For some time now I’ve wondered: Can assessments do more for us? Can they help us understand not just how a student answers a question, but the thought process the student uses to get to the answer? Knowing about the strategies that students use when testing has the potential to help us better understand what students know and don’t know, how test takers interact with the test questions, and how we might build even better tests. A lot goes on when a student takes a test that traditional testing just hasn’t been able to capture — until now.
The move from paper-based to digitally-based assessments is expanding opportunities to more fully understand the approach students engage in when responding to the questions on a test by capturing “process data.” Process data, also called “observable data,” reflect student behaviors during test taking. This information can be derived from key strokes used to answer a question, the time spent on a test question or task, eye movement when reading a test passage, how test takers interact with test stimulus materials, and how test takers utilize resources and tools. Such data hold the promise of developing a better understanding of students’ thought processes and strategies during testing and, therefore, developing better tests.
Emerging research at Educational Testing Service (ETS) on process data is providing more insight into what a test is measuring and how students interact with the test questions. Traditionally, the answers given by students to test questions have been the only source of information about what students know or don’t know. While students’ final answers show if they can answer correctly or incorrectly, the answers alone do not help us understand fully how students come up with the answer. Interpretations of students’ performance based only on how many correct responses are given may be misleading for students who use a flawed strategy or for students who rush through the test but are “lucky guessers.” By capturing process data as students work through the test questions, use the tools and aides provided to them, and record their observations and conclusions, profiles of performance that demonstrate different solution strategies might be created, not just test scores. Other information, such as the percent of students who used a calculator on a particular mathematics question, the percent of students who used text-to-speech capabilities on the test, or the fluency rate of students (i.e., the ability to write an essay accurately, quickly and appropriately) could also be captured. In the future, this type of information could make the reporting of test results even more useful to educators.
In one of my recently published books, Validation of Score Meaning for the Next Generation of Assessments: The Use of Response Processes, many of the issues surrounding capturing, interpreting and using process data are explored. I co-edited the book with one of my colleagues, James Pellegrino, Distinguished Professor at the University of Illinois, Chicago. As we point out in the book, an emphasis on using process data to help us understand how students approach testing is not new — the desire to assess what a student is “doing” was highlighted in the first edition of Educational Measurement in 1951. But over the last decade I have seen an increase in designing and developing tests that are both informed by and provide information about students’ processes in learning and in testing.
In addition to providing a better understanding of the thought processes and strategies students use, process data show promise in informing the future design of tests. Such data can provide information on new types of questions that require students to do more than simply select from a list of possible answers — questions that require students to come up with answers after performing a science experiment on their computer, to create a mathematical equation or graph, or to highlight sentences in a passage to provide support for their answer. Do these types of questions pose potential barriers for students because they are unfamiliar with the technology that needs to be used?
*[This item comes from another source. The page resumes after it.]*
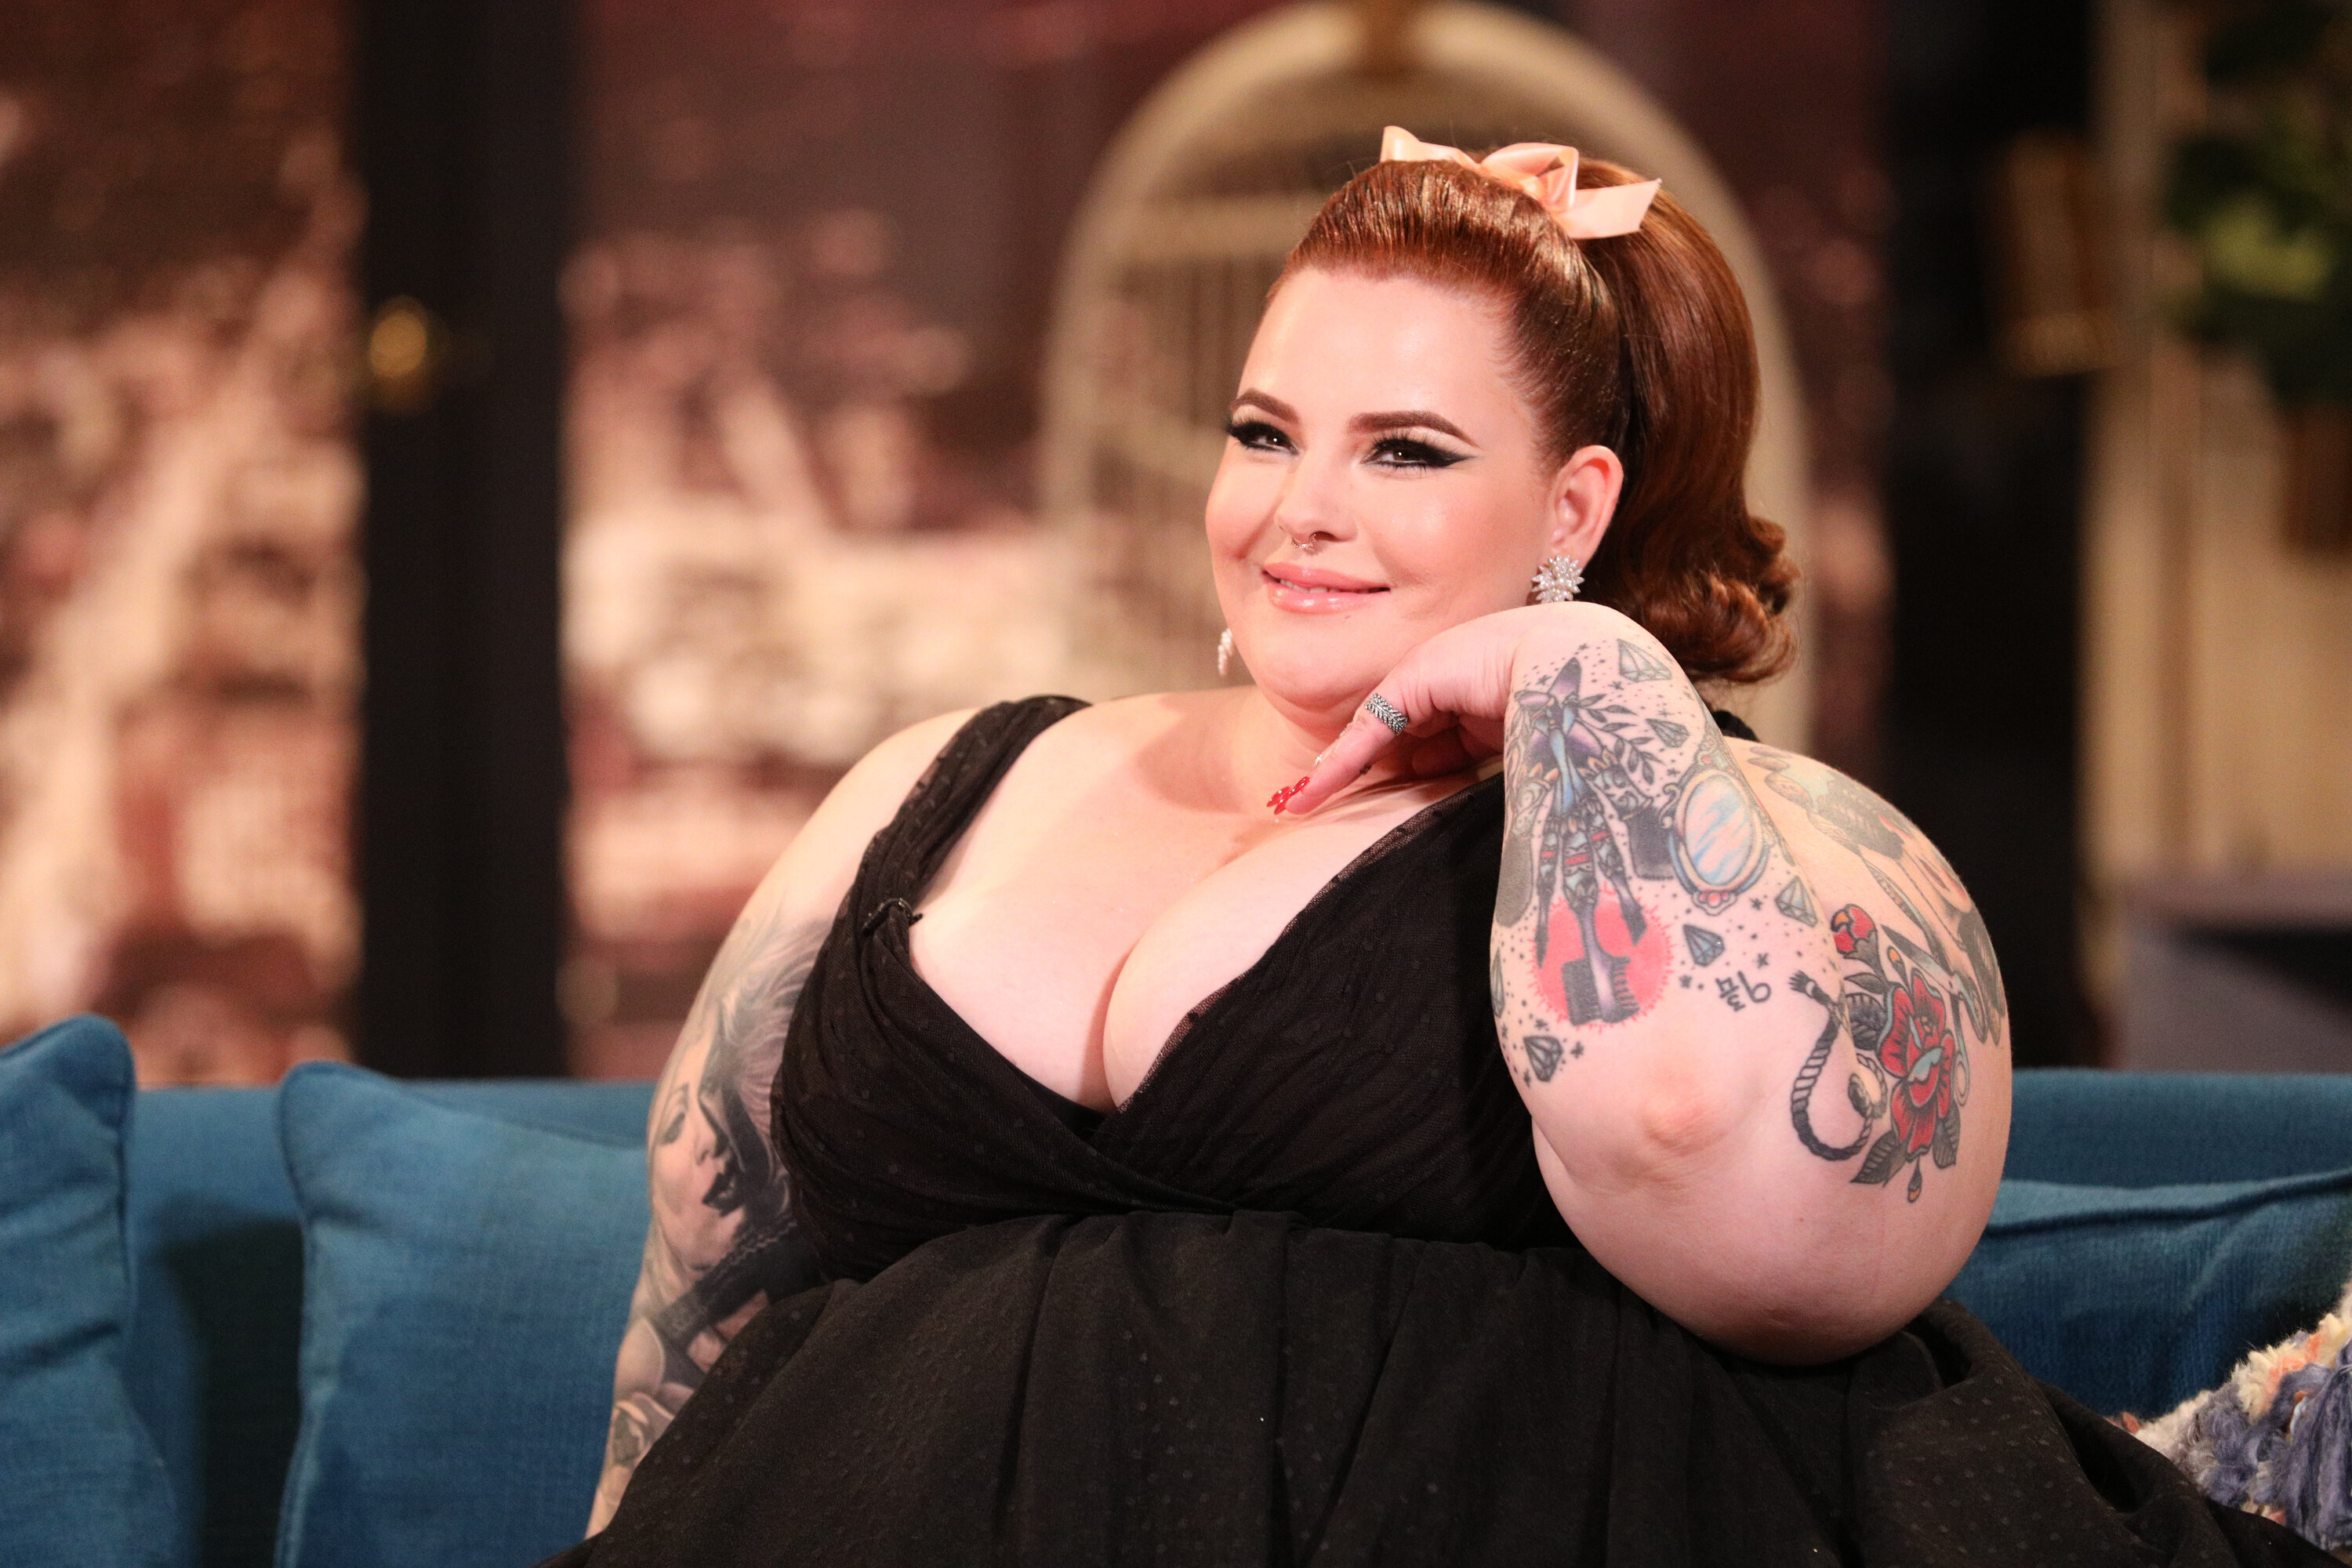 Like Tess Holliday, Im Fat And I Just Want To Live My Damn Life HuffPost HuffPost Personal image

Are the questions clear and concise or is there something in the way in which the questions are presented that confuses students? Process data may well provide answers to these as well as other important questions.
I admit that research on process data is not without its challenges. How can we appropriately interpret such complex behavior? What do different behaviors imply for individual students, or for groups and subgroups of students? Will gathering process data change the very behavior we are attempting to capture? But such data also open up a world of possibilities to better understand how students go about answering the questions on a test, to provide educators with more relevant information about their students and to guide the creation of the next generation of assessments.
Creating tests that are useful, appropriate and fair for all students is the goal that we at ETS are continually striving towards. The promise that process data hold takes us into the future of what an assessment is capable of and how it can benefit all.